# Paramedic to LPN license



## pcbguy

I have been looking all over and am wondering if anyone can tell me the states that will allow a Paramedic to test for LPN. If there are any. I've heard rumors about NY and PA. NY is a no. Any help appreciated.


----------



## TransportJockey

Just to let you know, unless you want to work in a nursing home, I'm not sure there's much of a future for LPNs. The hospital system I worked for in ABQ was actively trying to get rid of their LPNs. And Vent has said the hospitals she's familiar with are doing something similar


----------



## EMSLaw

That's true in NJ as well, from what I know. Very, very few LPNs still working in hospitals.  It's been up (to RN) or out for most of them.


----------



## VentMedic

The only way to know for sure is to check with the state's Board of Nursing. Just holding a Paramedic patch may not be enough since not all Paramedic programs are created equal and they also vary from state to state. The Paramedic who only has 600 hours of training may fall very short of the minimum required for the LVN.


----------



## pcbguy

Yeah.
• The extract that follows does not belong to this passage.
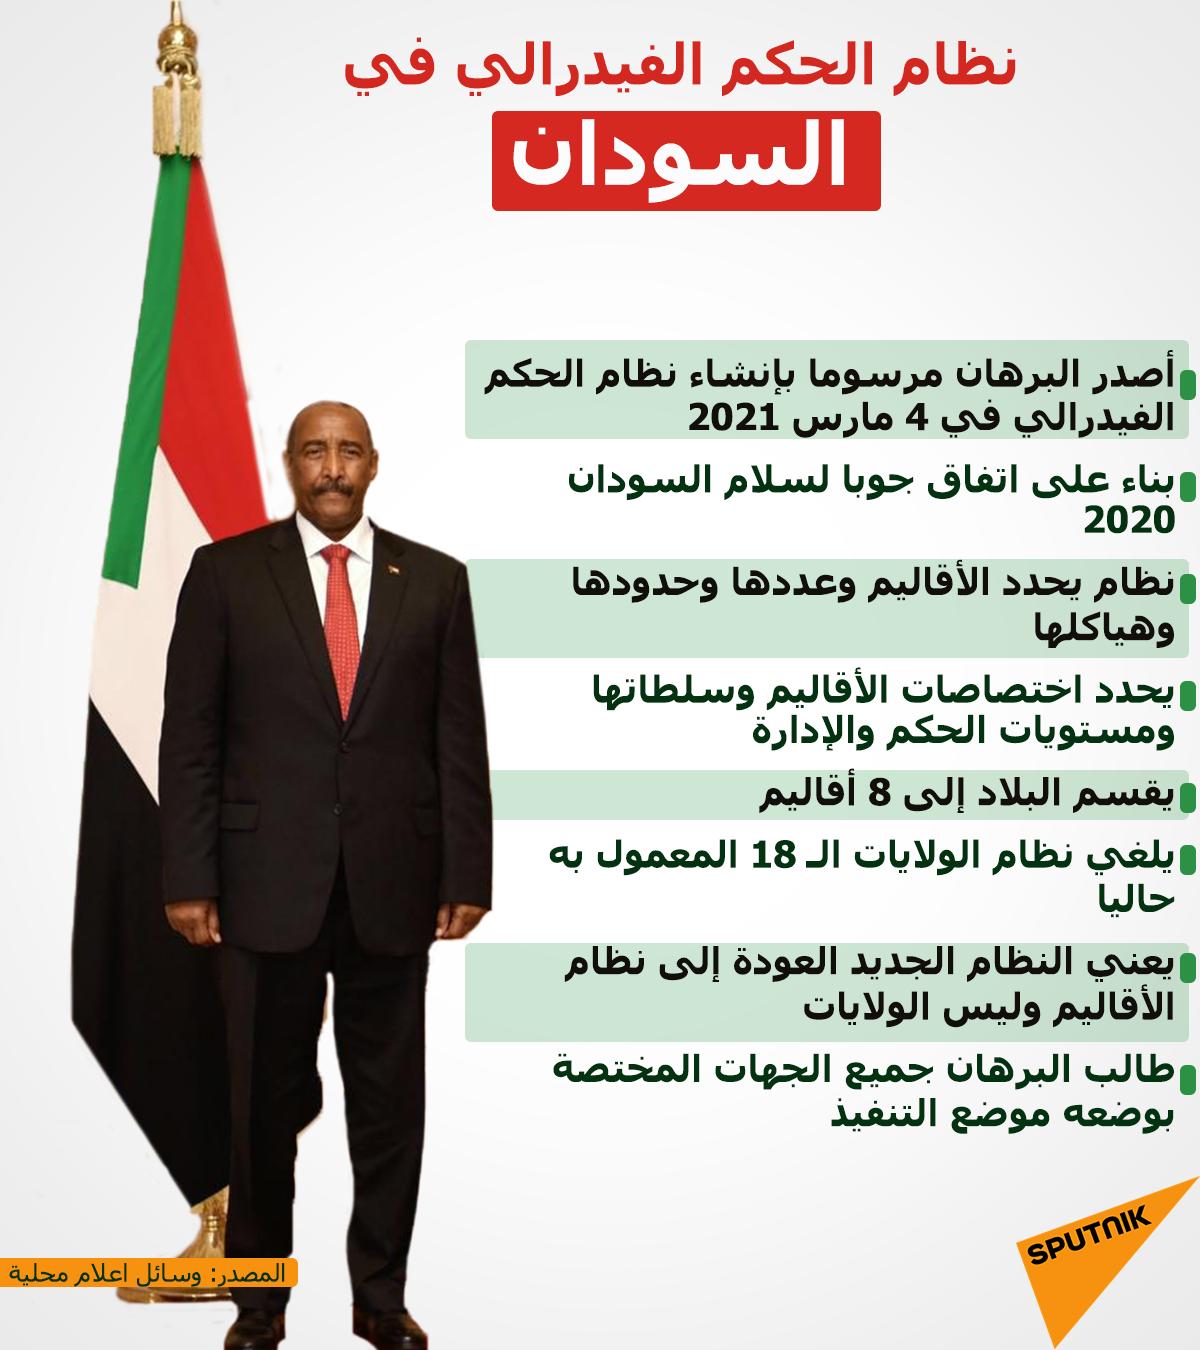 معلومات عن نظام الحكم الفيدرالي في السودان

I have no interest in being an LPN but am looking for a quicker route to RN.


----------



## akflightmedic

And how do you think becoming an LPN is any quicker than simply doing a medic to RN transition program or a full length traditional RN program?


----------



## MrBrown

Ah, the quest for minimally excusable standards strikes again


----------



## 46Young

I don't know much about nursing in NY anymore, but John Tyler College down in Richmond VA has a LPN > RN bridge, and a hybrid program that has all didactic content via asynchronous distance learning. A few FF/medics in my dept are doing their program. The LPN > RN bridge program considers medics the same as LPN's regarding entry into the program. 

The thing is, the hybrid program, which is for anyone, is actually an easier program regarding time management than the bridge program.

The thing I like about John Tyler is that they don't have that militant attitude, as in "we own you for the next two years," "quit your FT job, and don't work PT either," and the general unwillingness to work with students that experience issues outside of school. Germanna CC and NVCC are like this. With all the teenyboppers applying for the nursing programs, it's like they could care less if you need to work or have any other issues.

I guess you could look into how much time and effort you would need to spend with bridging to LPN, how much class/clinical time being an LPN would save you with an RN program, and see if it would actually save you any time. Most likely, it's a wash, just like akflightmedic said.


----------



## pcbguy

We don't have a bridge program close to here and the closest one is full time 2 hours away. The local college will allow LPN to RN in 2 semesters.


----------



## akflightmedic

And you think that your paramedic (I am assuming) knowledge will allow you to easily challenge the LPN exam?

You think anything you learned in medic school has prepared you to be a LPN?

Lets say you do challenge the LPN, you then think you can then transition to RN and be competent without obtaining any of the basic education requirements?

Typically, in my area, you have to work as a LPN for x number of hours (2000 or more) before you are eligible to enter a RN program.

So you become a LPN, have to work a year minimum FULL TIME to meet hours for less pay and way harder work than you would as a medic simply to hurry the system.

Where do LPNs work? Typically nursing homes as most hospitals have phased them out. So now you need a years experience in a nursing home...are you prepared?

Seems much simpler and smarter to start doing some online courses (pre requisites), as many as you can and when you can not do anymore, then reevaluate moving closer and doing a proper bridge or traditional program.

There are online bridge programs and hybrid courses as well, start searching.


----------



## VentMedic

pcbguy said:


> We don't have a bridge program close to here and the closest one is full time 2 hours away. The local college will allow LPN to RN in 2 semesters.


 
That 2 semesters is *AFTER* all the prerequisites have been met.

The LPN is a "tech" cert much like the Paramedic. It is generally one year long going full time which is about 1500 - 2000 hours in length. 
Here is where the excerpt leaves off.